Dear Mrs. Bluth,
I write to you with great sadness, and with the hope that you can shed light on the hurtful experience both my husband and I experienced this past Yom Tov.
We came from Eretz Yisroel to spend Yom Tov with my husband’s family. They are Sefaradi and dark skinned in comparison to everyone else in the shul. However, I am Ethiopian and am black skinned with blue eyes, as are my two little sons. I will not tell you what city or state we were in because I don’t want to offend anyone or embarrass my husband’s family, they are kind and loving people and treat me with love and respect. Unfortunately, I can’t say the same for their neighbors, friends or other family members and shul congregants. I tolerated the sideways glances from the women who, I am quite sure, where whispering amongst themselves behind my back. To my face, they said nothing more than a grumbled “Good Yom Tov,” when introduced.

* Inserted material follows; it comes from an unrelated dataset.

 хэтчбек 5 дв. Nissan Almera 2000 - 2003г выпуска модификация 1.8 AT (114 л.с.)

No one sat next to me – even though the shul was full, there was an empty chair beside me that no one chose to sit in. My sweet mother-in-law tried to brush off the embarrassment and shame I was feeling, even though I understood the reason. To be shunned by my own people was a hurt I had never experienced before. In Eretz Yisroel I am never made to feel this way or stand apart because of my skin color. My brothers went into the army and they were treated as any other soldier. My sisters and I are all well educated, practicing professionals; in fact, I am a well-respected ObGyn in a large Israeli hospital.
What hurt more than my own feelings of rejection was that of my children, who were taunted and ganged up on by the other children. My older son was jumped by bigger boys and the candy he had gathered during a hakafa on Simchas Torah was ripped out of his hands. He came to me crying and said he wanted to go home, home to Beit Shemesh where life did not set him apart or made him feel excluded, unworthy or different! My husband’s eyes reflected the pain he felt for his children and we decided that it would be a long time before we came back to the States.

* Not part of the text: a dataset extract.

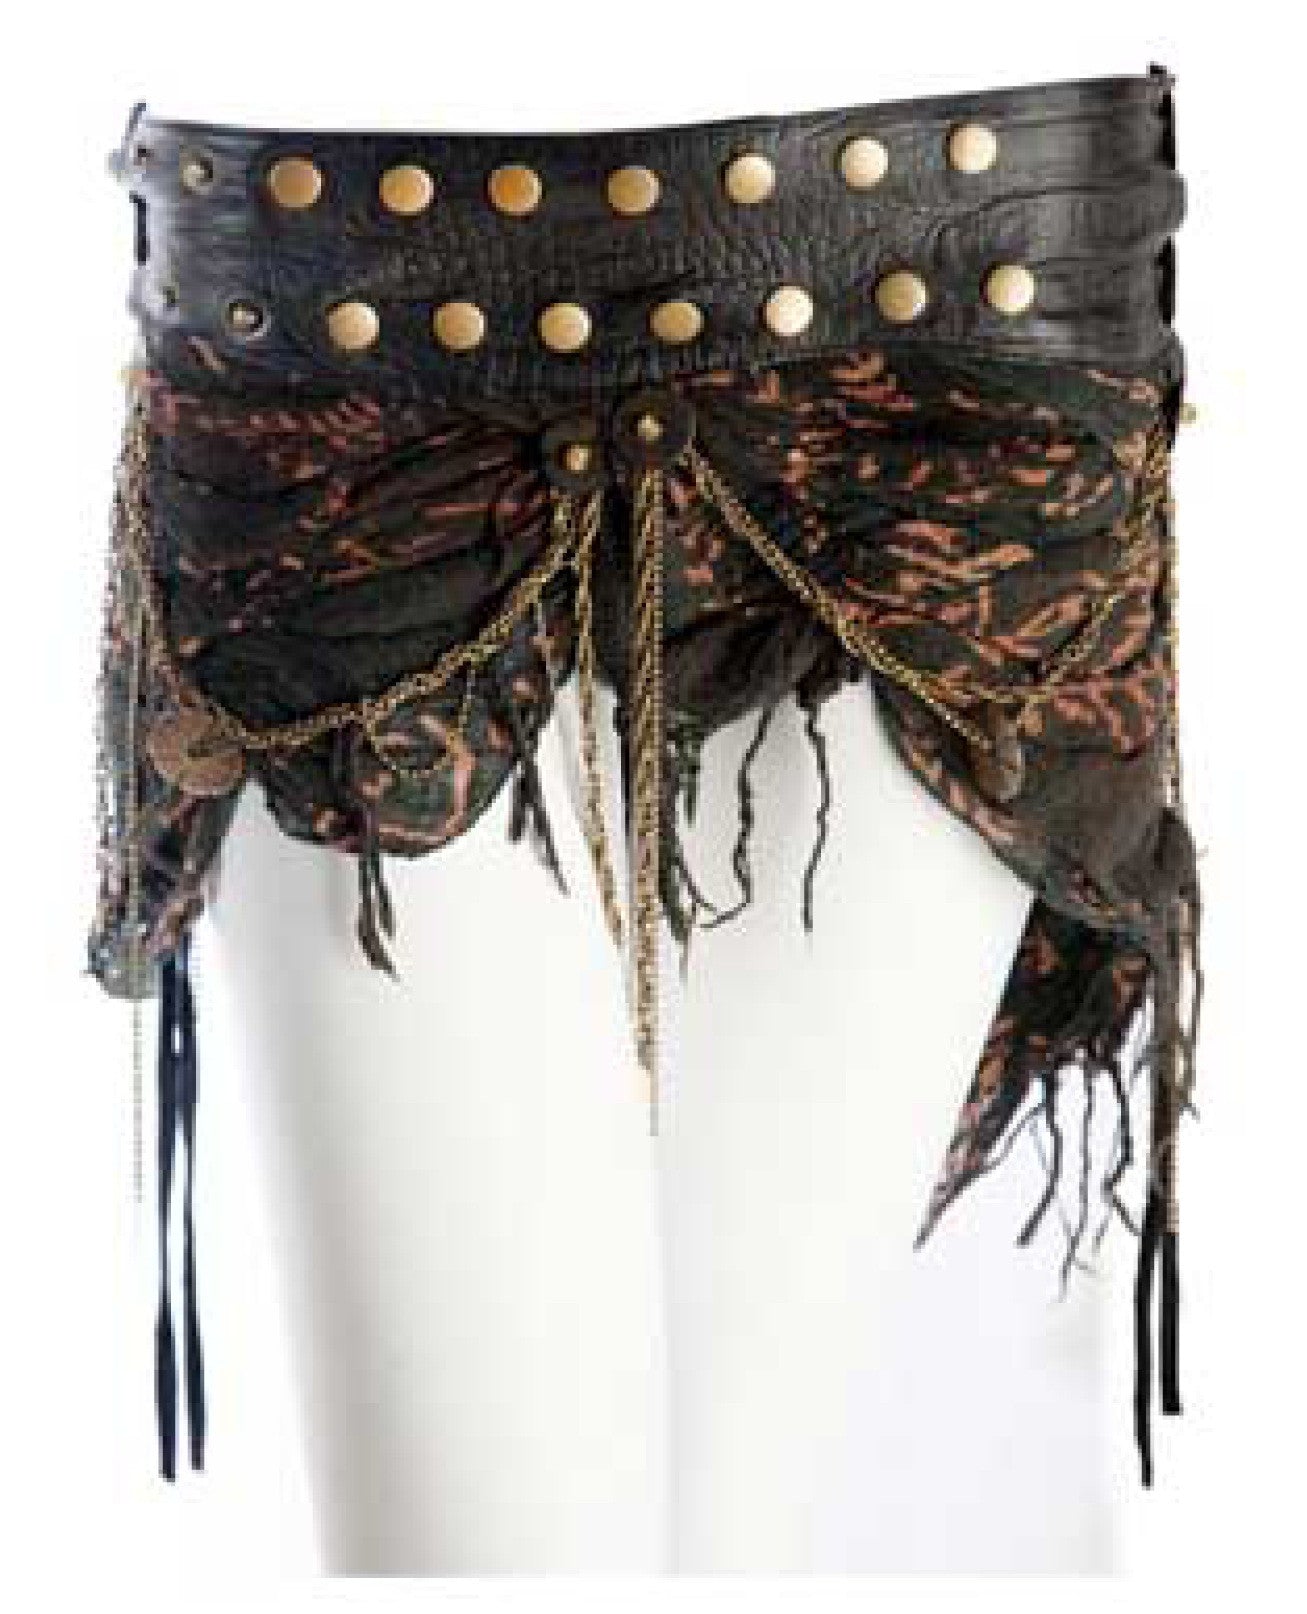 Urban Gypsy Chain Skirt

I am jotting off this letter as I finish packing for the way home. I wanted to make something right out of this experience by letting people know that we are all Bnei Yisroel, and equal in Hakodosh Boruch Hu’s love.
Why were we made to feel so low and inferior, why? Because we are dark-skinned?
My hope is that those who read my story and see themselves in it will have a change of heart and realize that Hashem made us as we were meant to be, different yet the same in His love. Does anyone have the right to cut down another because of any differences, be they physical or emotional? It leaves a bitter taste in my mouth to see how little ahavas Yisroel there is here and understand so much more why we have not been zoche to welcome Moshiach to date. My children will grow up in the beautiful spirituality that is Eretz Yisroel, and maybe they will forget the sad and degrading experience they went through in your country. Although I forgive whoever turned away from me, I will have a much harder time forgetting.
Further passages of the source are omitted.